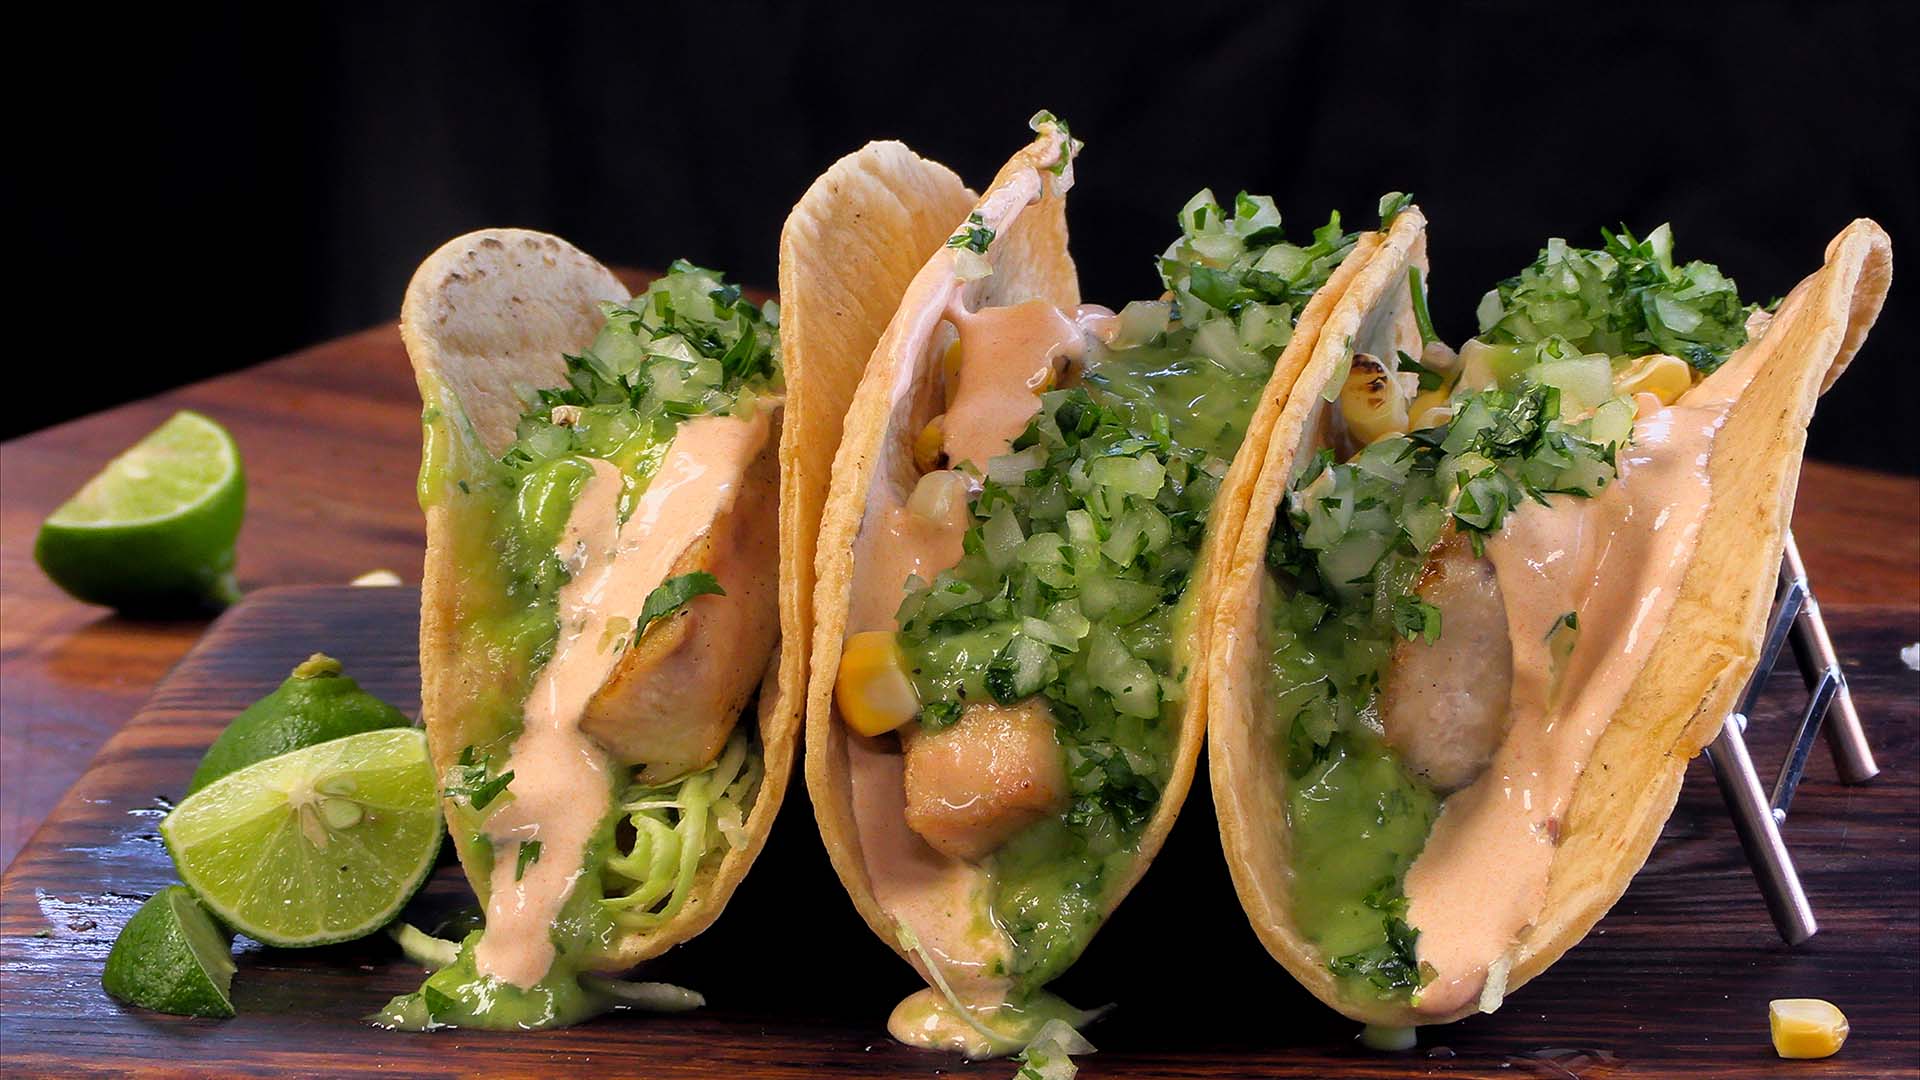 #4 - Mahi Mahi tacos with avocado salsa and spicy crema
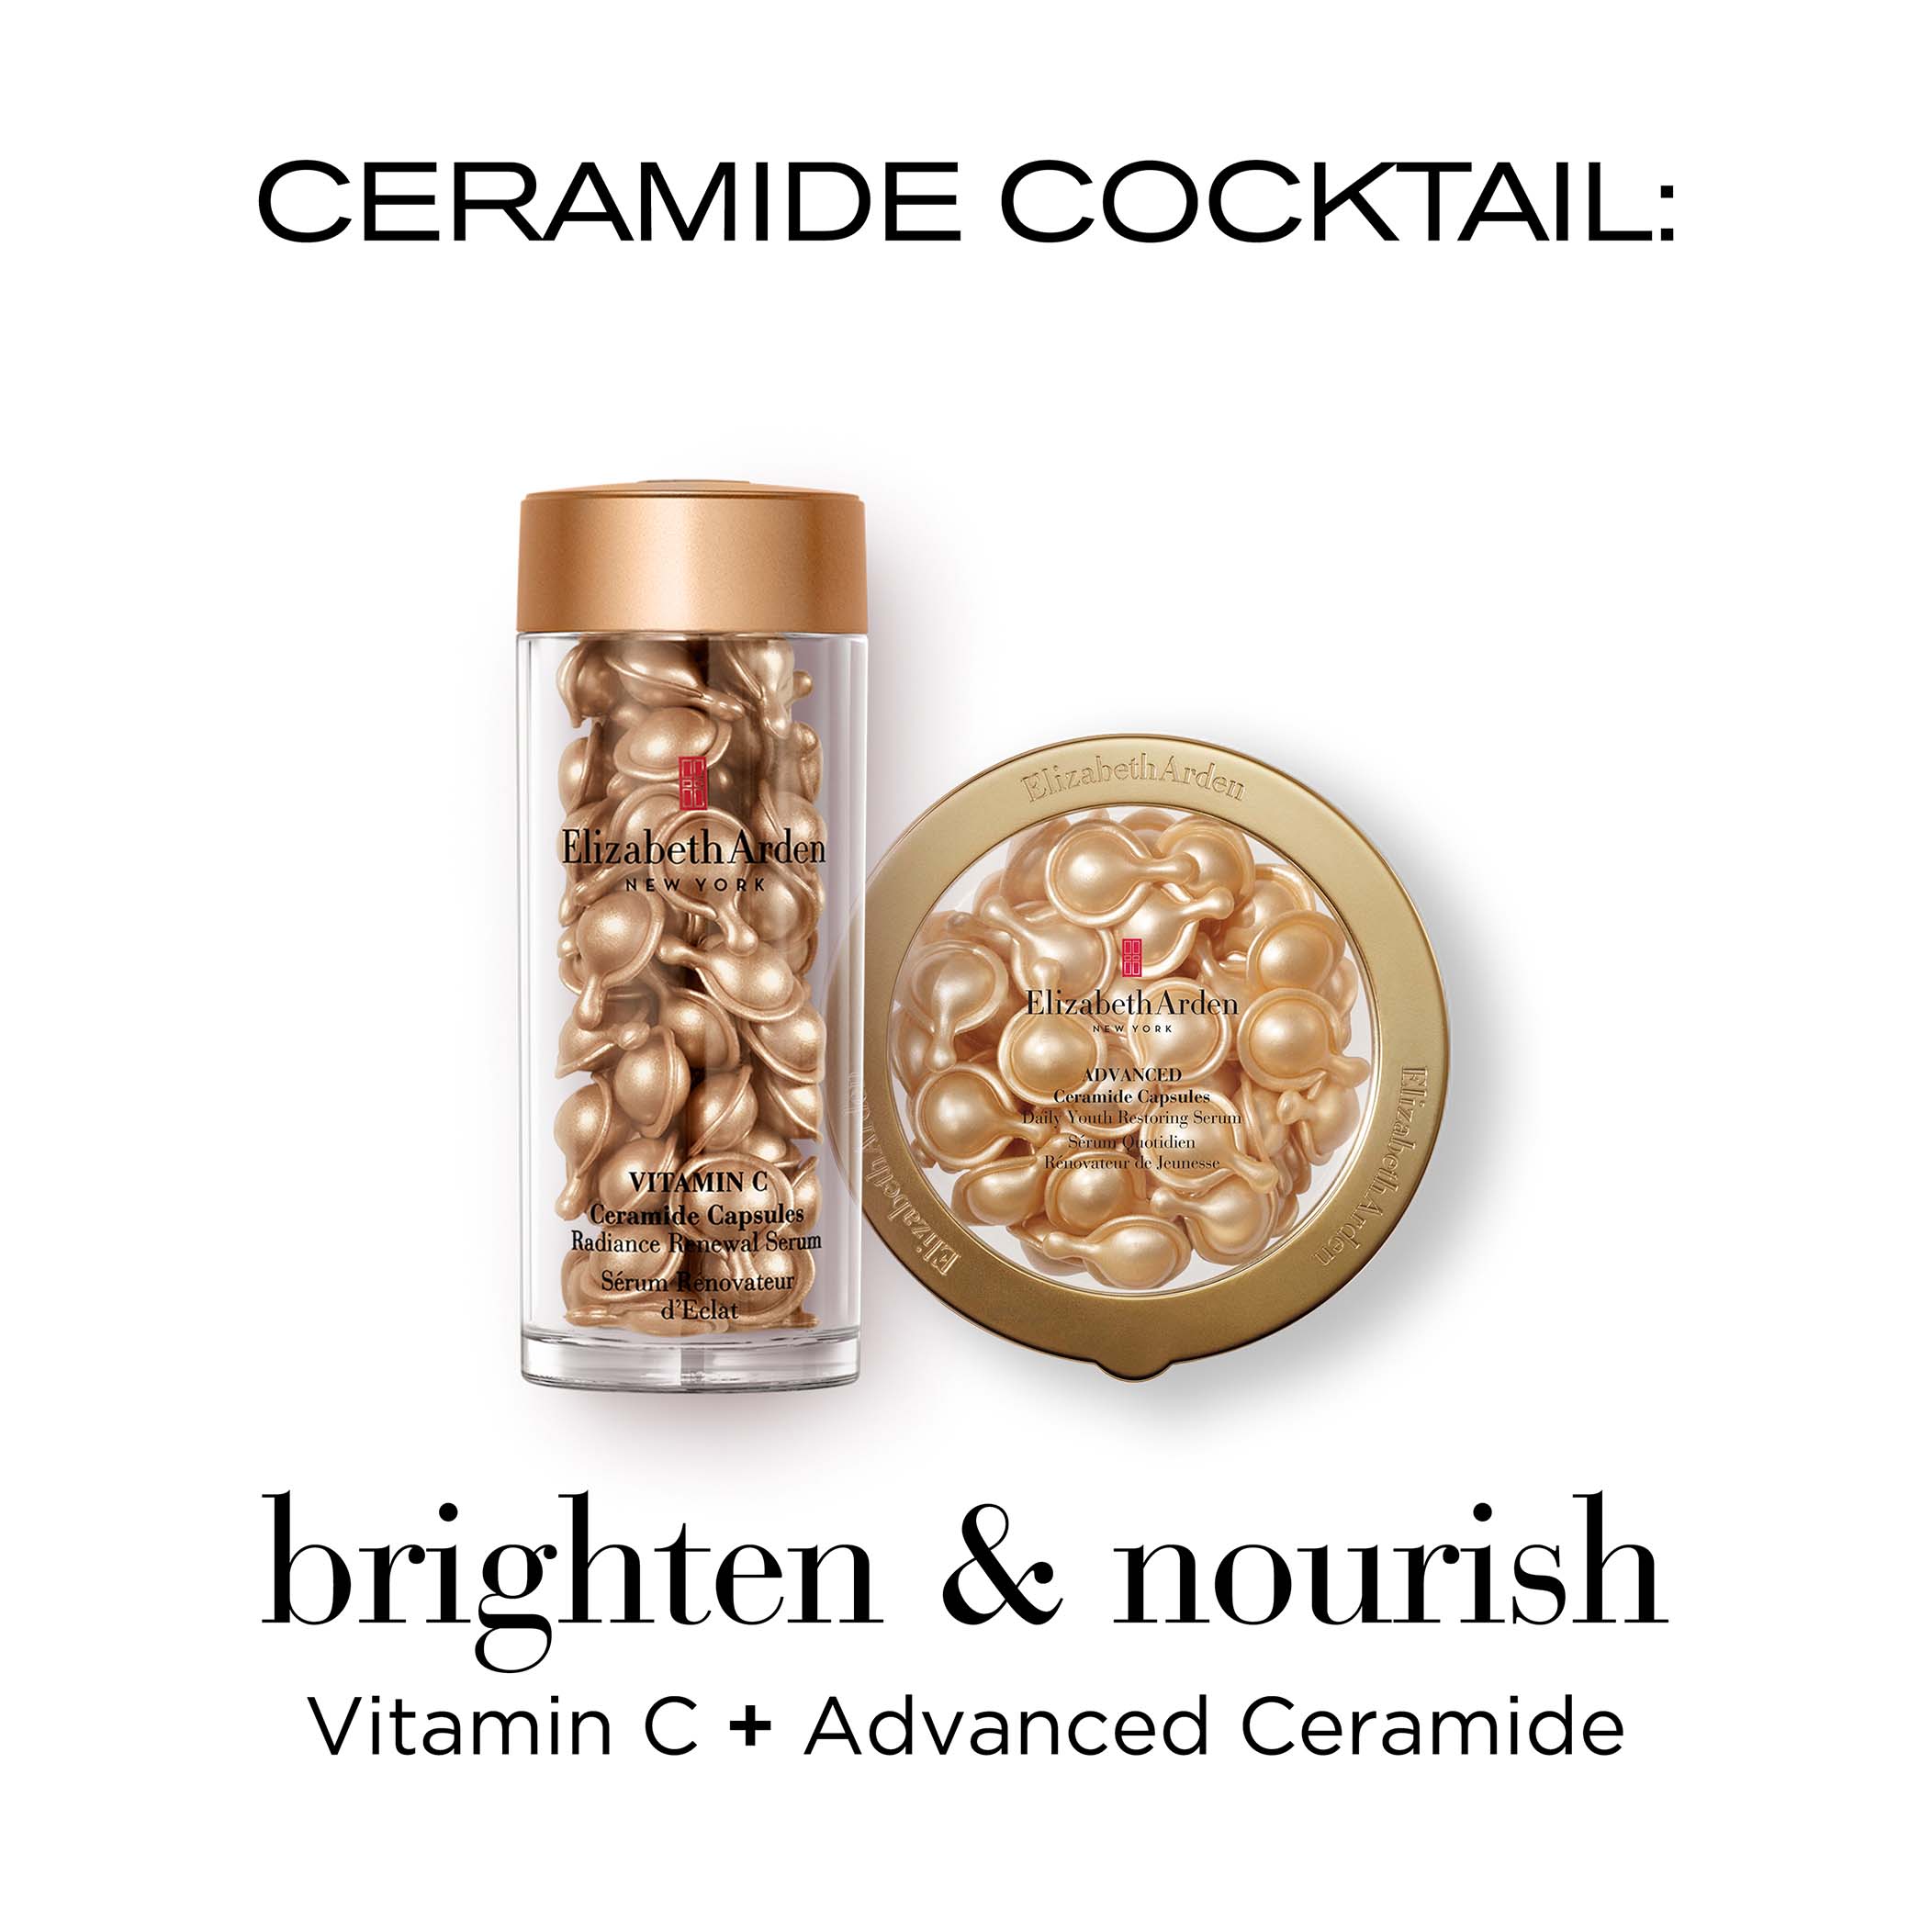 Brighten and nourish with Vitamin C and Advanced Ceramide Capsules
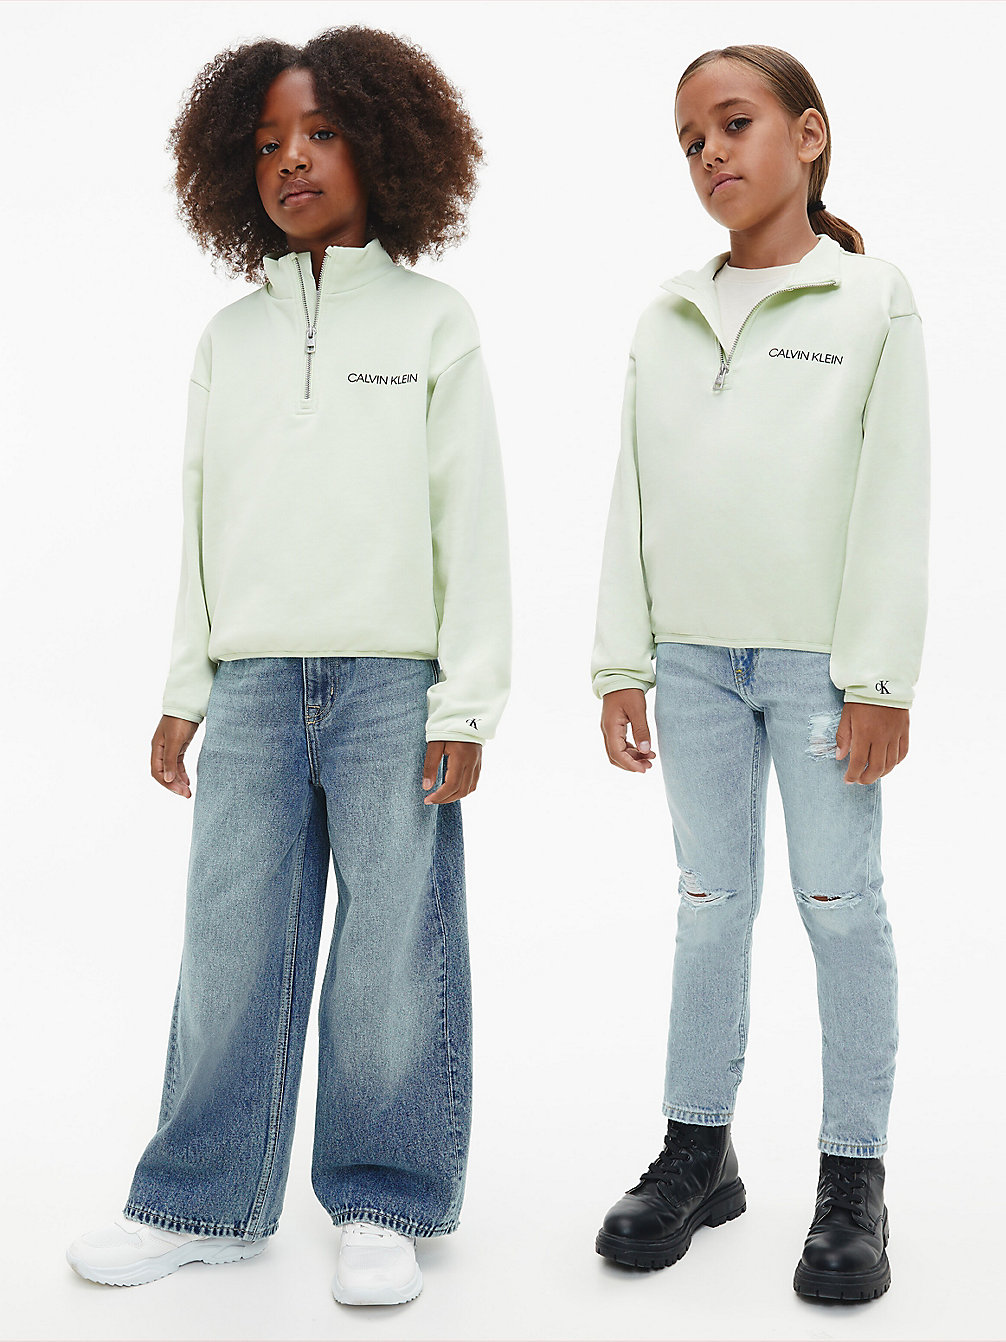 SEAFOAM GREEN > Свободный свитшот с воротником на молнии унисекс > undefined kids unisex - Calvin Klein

========

* **Required action**
Restate each line of the material word for word, skipping any picture.

* **Answer below**
 #4 - Mahi Mahi tacos with avocado salsa and spicy crema
 Brighten and nourish with Vitamin C and Advanced Ceramide Capsules
 SEAFOAM GREEN > Свободный свитшот с воротником на молнии унисекс > undefined kids unisex - Calvin Klein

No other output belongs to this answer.